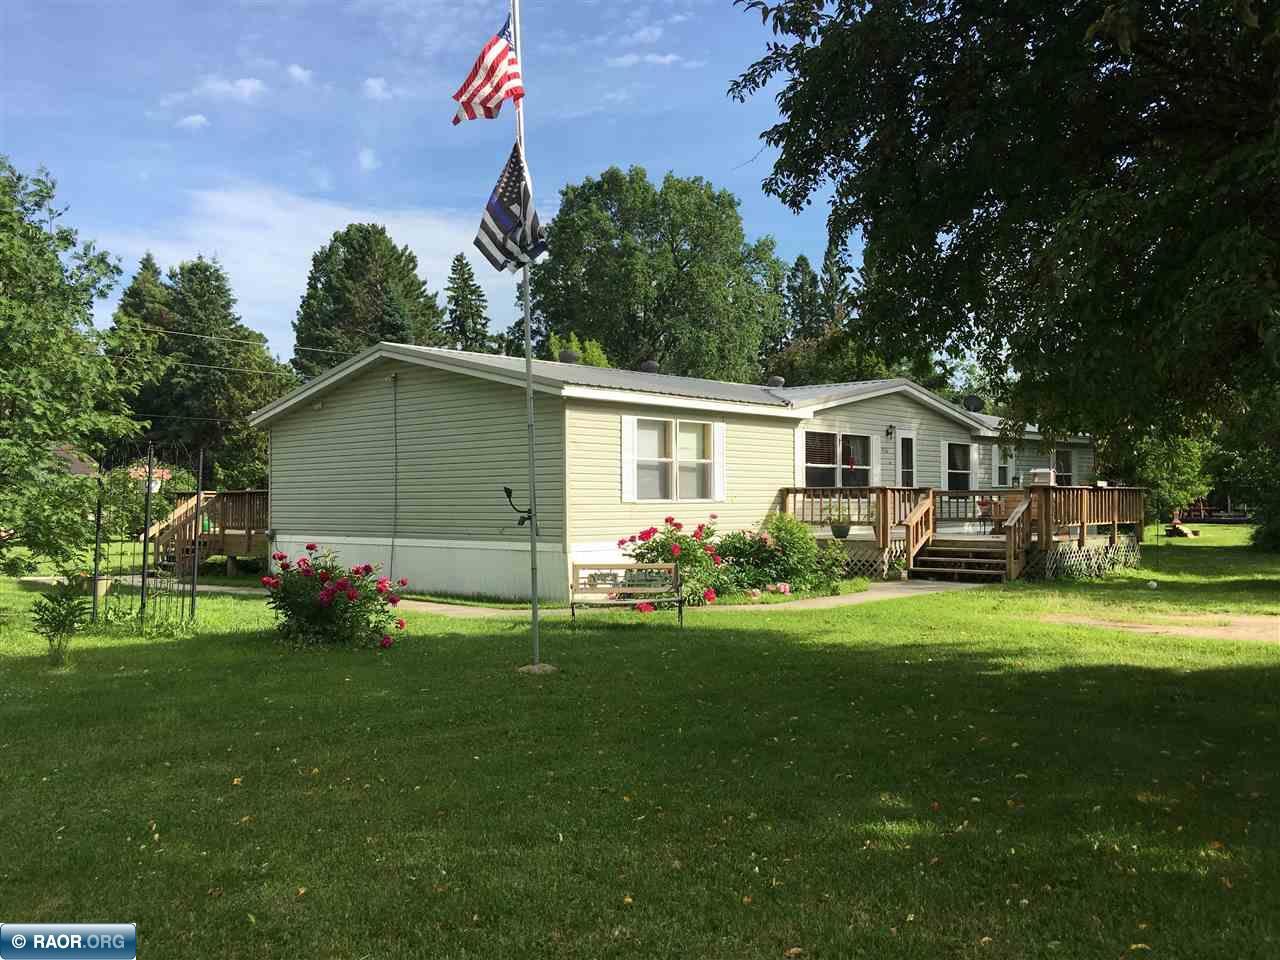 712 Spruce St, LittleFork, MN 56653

...

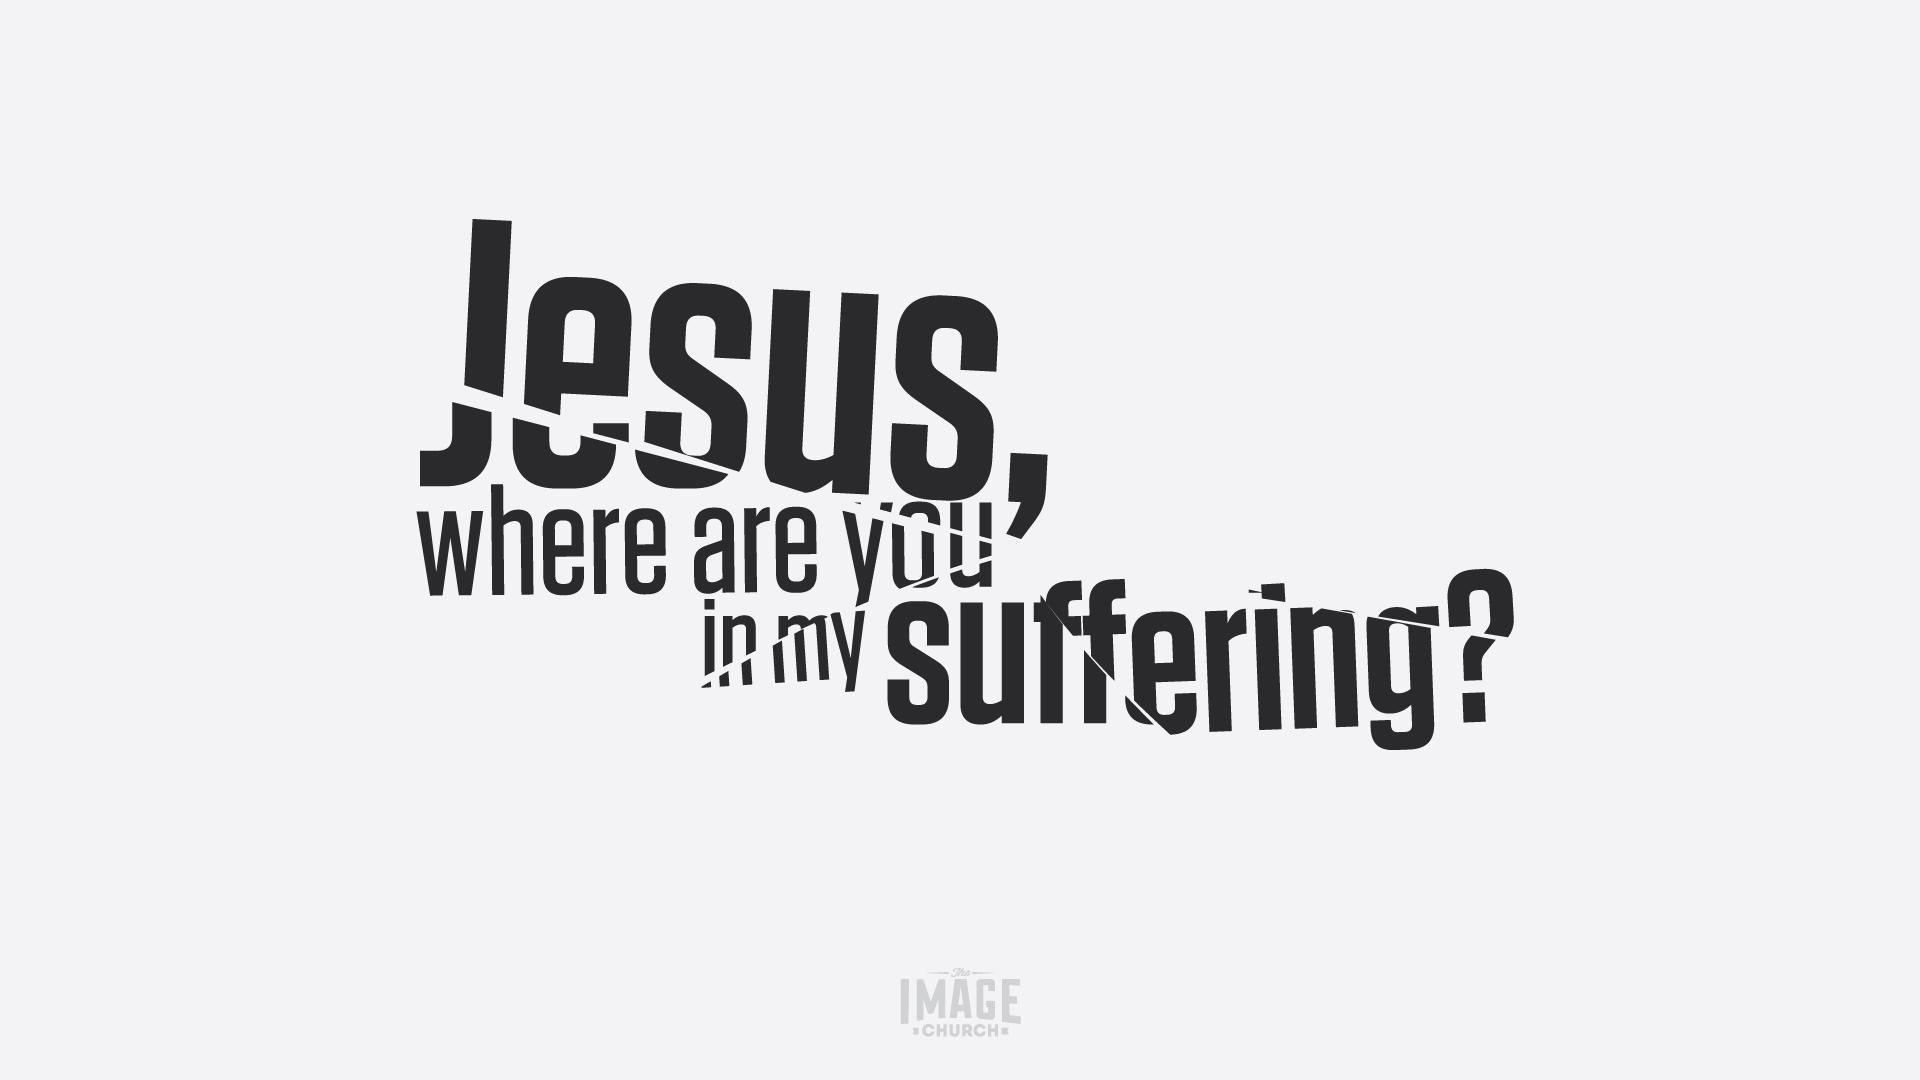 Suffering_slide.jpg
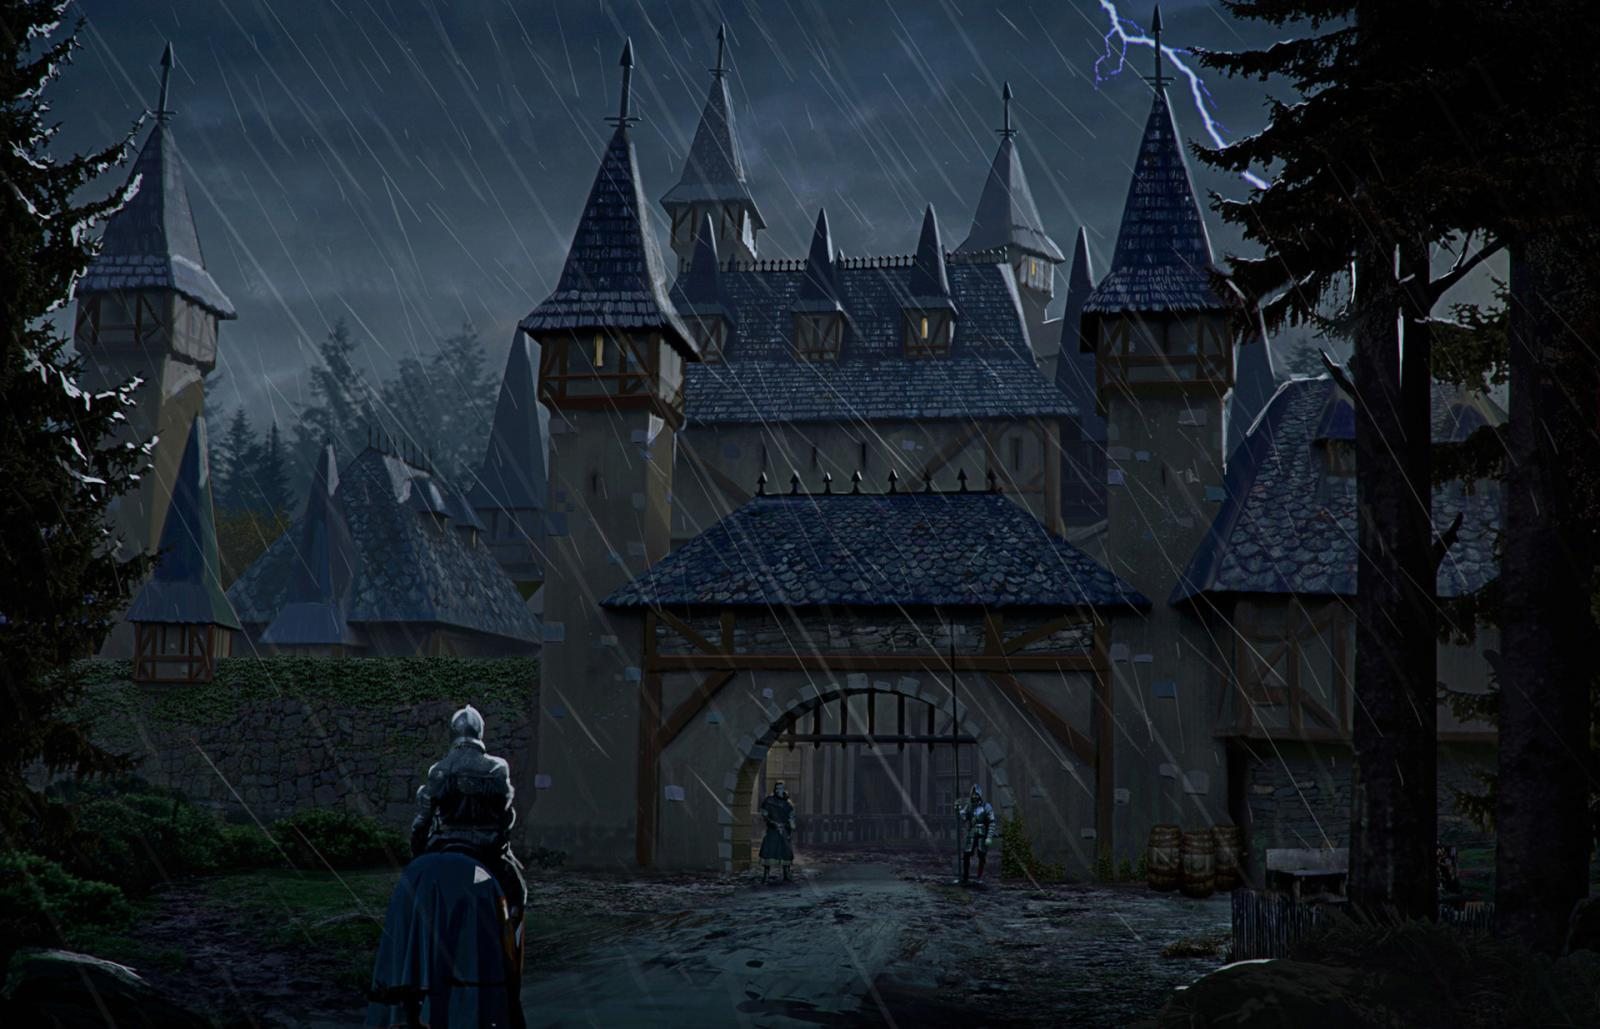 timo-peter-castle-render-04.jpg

--

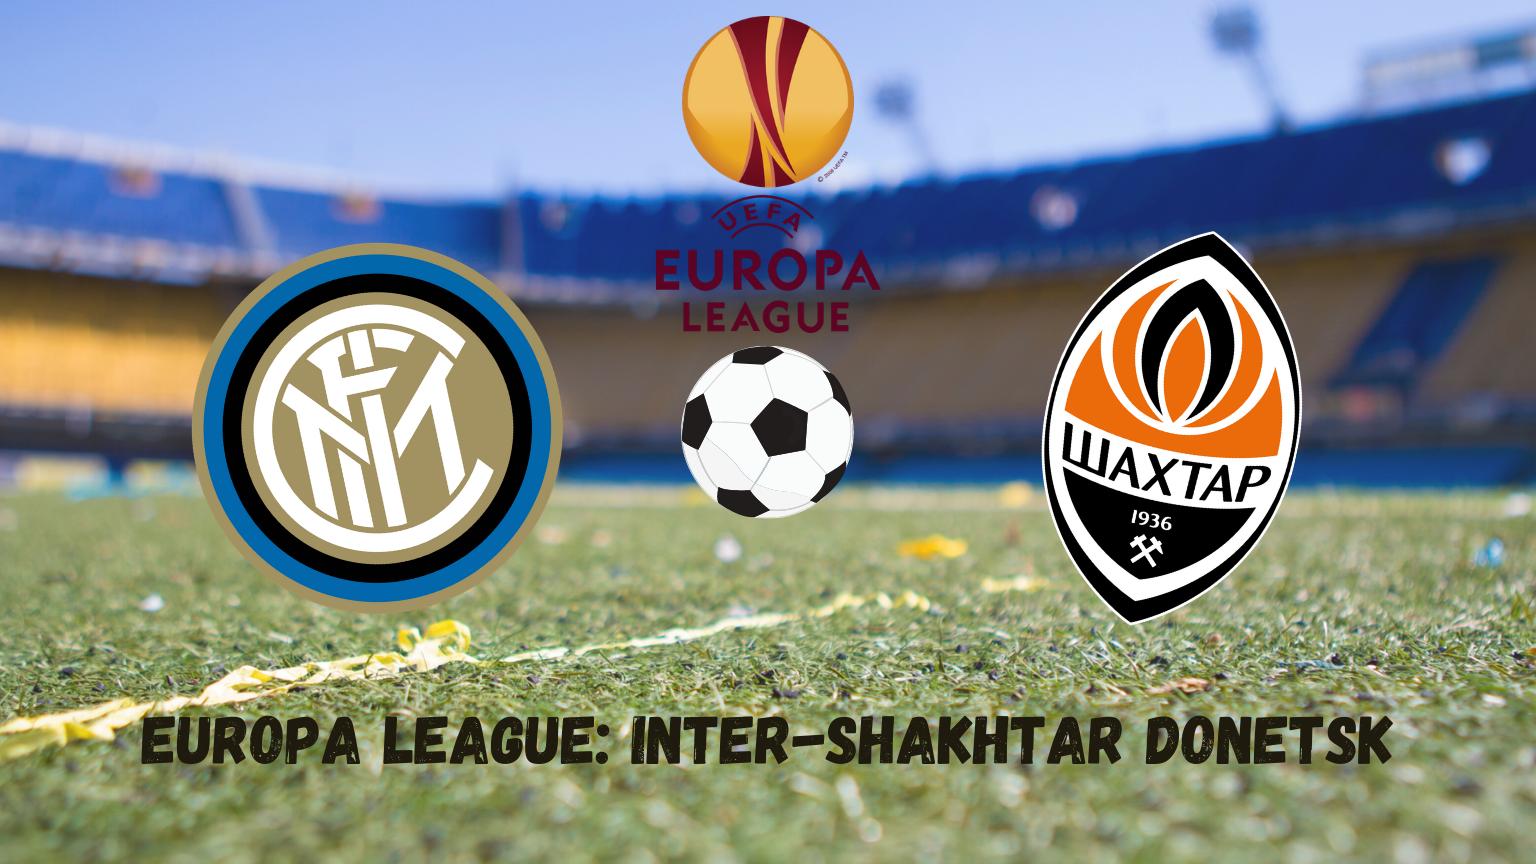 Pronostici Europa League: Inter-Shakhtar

- **WORK INSTRUCTIONS**
Would you output the lines above from the line holding "Suffering_slide.jpg" up to and including the line holding "timo-peter-castle-render-04.jpg", exactly and only those, with no pictures?

- **REPLY TO THE TASK**
 Suffering_slide.jpg
 timo-peter-castle-render-04.jpg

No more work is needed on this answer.